Вот что, по-моему, главное...

– Потом, конечно, ничего не скажешь, – радоваться будем! Лишь бы вот осилить все! – Алеша Губатый озабоченно задымил цигаркой.

– В том-то и соль вся – чтоб осилить. А потом – потом, конечно, – имея свою греблю – хорошо будет!

– Осилим! – Хоня разлегся на горке песку, потянулся.

Щурясь от солнца, сказал весело: – Это только начинать страшно! – На измазанном торфом лице1 зубы блеснули ослепительно ярко.

– Все выполним, если людей сорганизуем! Надо, Миканор Даметович, записать всех, которые не явились, и, таскать, заставить в обязательном порядке!

– Это правильно! – пробубнил Прокоп Лесун. – Чтоб все работали!

Миканор пообещал, что сегодня же с Грибком, как с членом сельсовета, обязательно обойдет людей, которые не вышли на работу, и узнает, почему их не было, и если надо будет – передаст фамилии в сельсовет.
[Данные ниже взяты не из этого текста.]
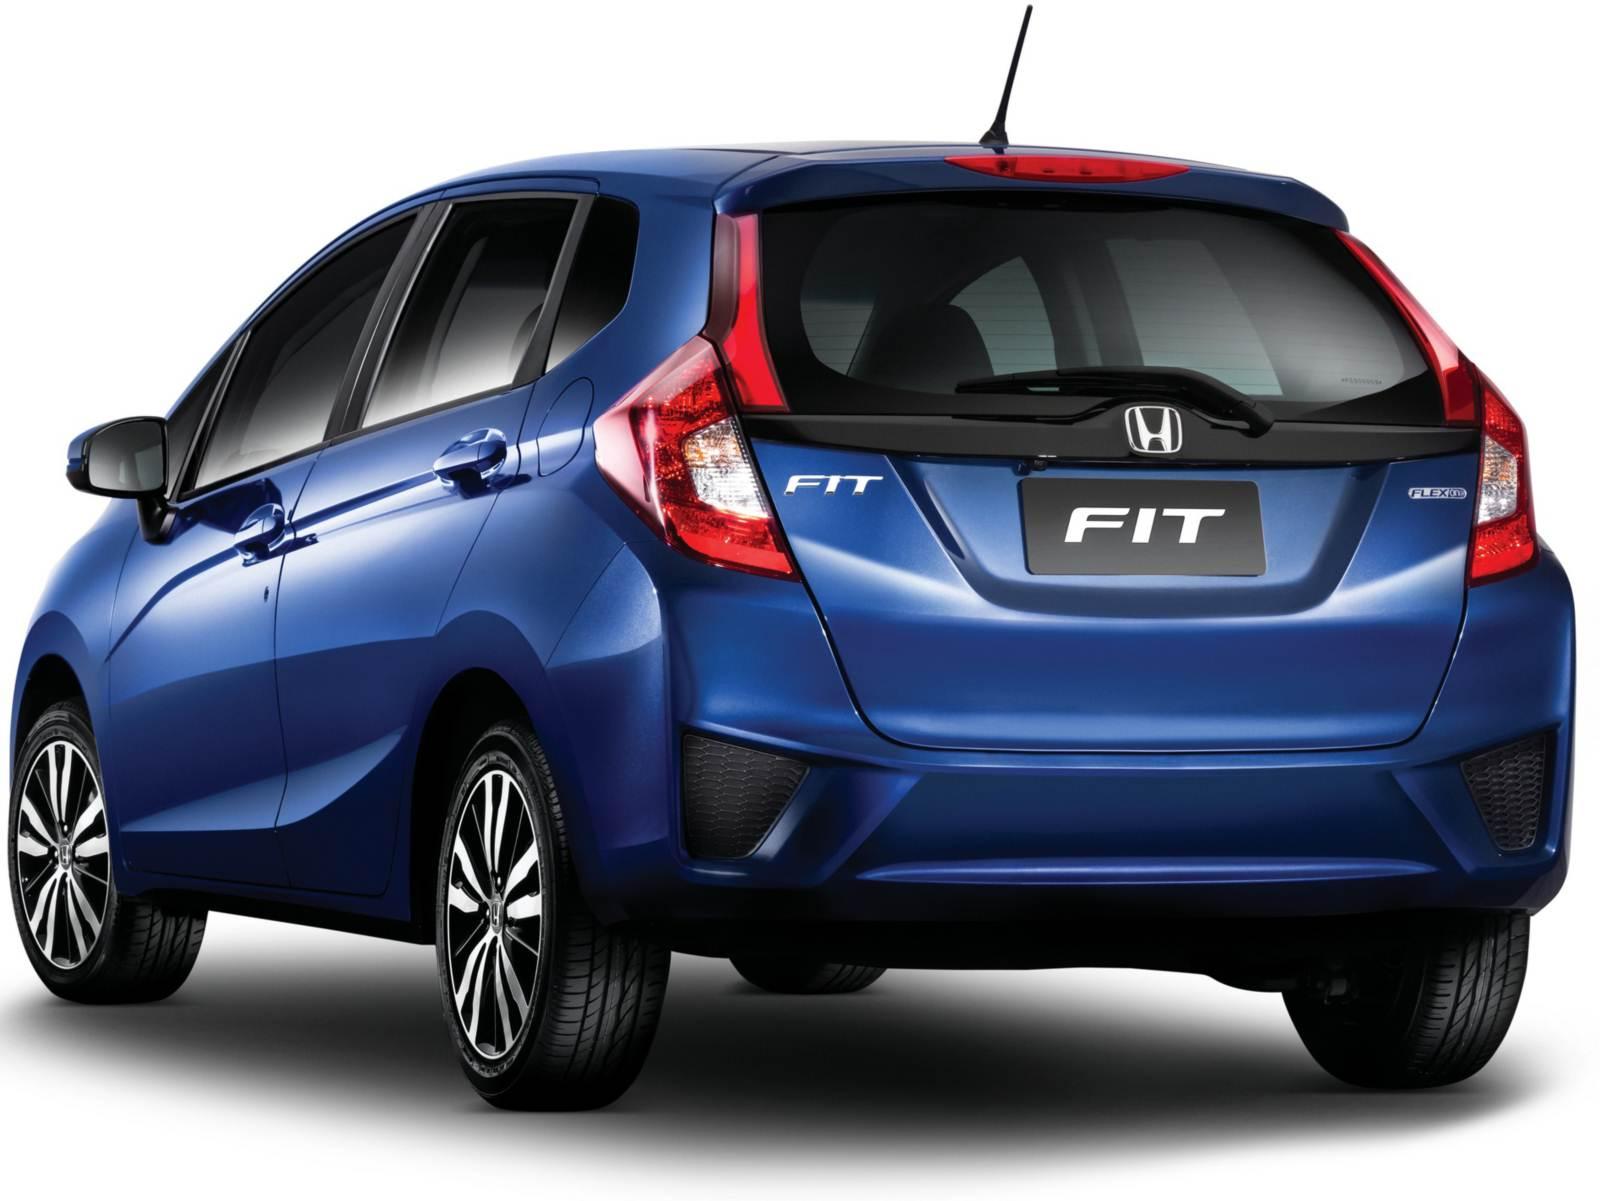 Honda Fit 2015 com desenho para atrair consumidores mais jovens

– Как это в других деревнях в коммуны вступили! – подумал вслух Хоня, все еще щурившийся на солнце. – И трудятся, и живут вместе, дружно, не грызут один другого!

– Всякое, видно, и там, Харитонко, бывает, – сказал Зайчик. – Разве там не люди?

– Люди-то люди. Да в чем-то, может, и не такие...

– Там, та-скать, как семья, которая дружно живет! – начал пояснять Андрей Рудой. – Все, следовательно, как братья, дружные!..

Миканор перебил его:

– Там главное – не секрет – честно работают и честно живут друг с другом. На сознательности всё!

– Я ж и говорю – как дружная семья! – Андрей, державший папиросу деликатно, кончиками пальцев, картинно, тоненькой струйкой выпустил дымок из ноздрей, сказал философски-поучительно: – В болоте, среди лесов пропадаем. Та-скать, как звери какие. Вот и дикость оттого, следовательно!..

– Это правда, грец его, как волки живем. Только и разницы – что у волка берлога...

– А у тебя – хоромы?

– Горе все людское, нехватки, – вздохнул Грибок. – С горя люди кривят душой один перед другим, съесть один другого готовы...

– А по-моему, от тесноты все! – Чувствовалось, что Хоня убежден в этом до конца. – Куда ни кинься – лес, песок, болота. Развернуться, дохнуть негде!

– Житуха, мать его...

– Житуха-то оно конечно, да и сами – виноваты!

Курили, молча думали каждый о своем, кое-кто дремал.

Зайчик первым разбил задумчивое молчание:

– Это ж, кажется, никогда еще не было, чтоб столько народу собиралось на какую-нибудь работу вместе! Как в Юровичи на хороший базар, деточки!

– Правду говорили – голова этот Апейка! А олешницких – на подмогу!

– В этом, грец его, вся штука, чтоб народ поднять! А как народ поднимется, так все сделает!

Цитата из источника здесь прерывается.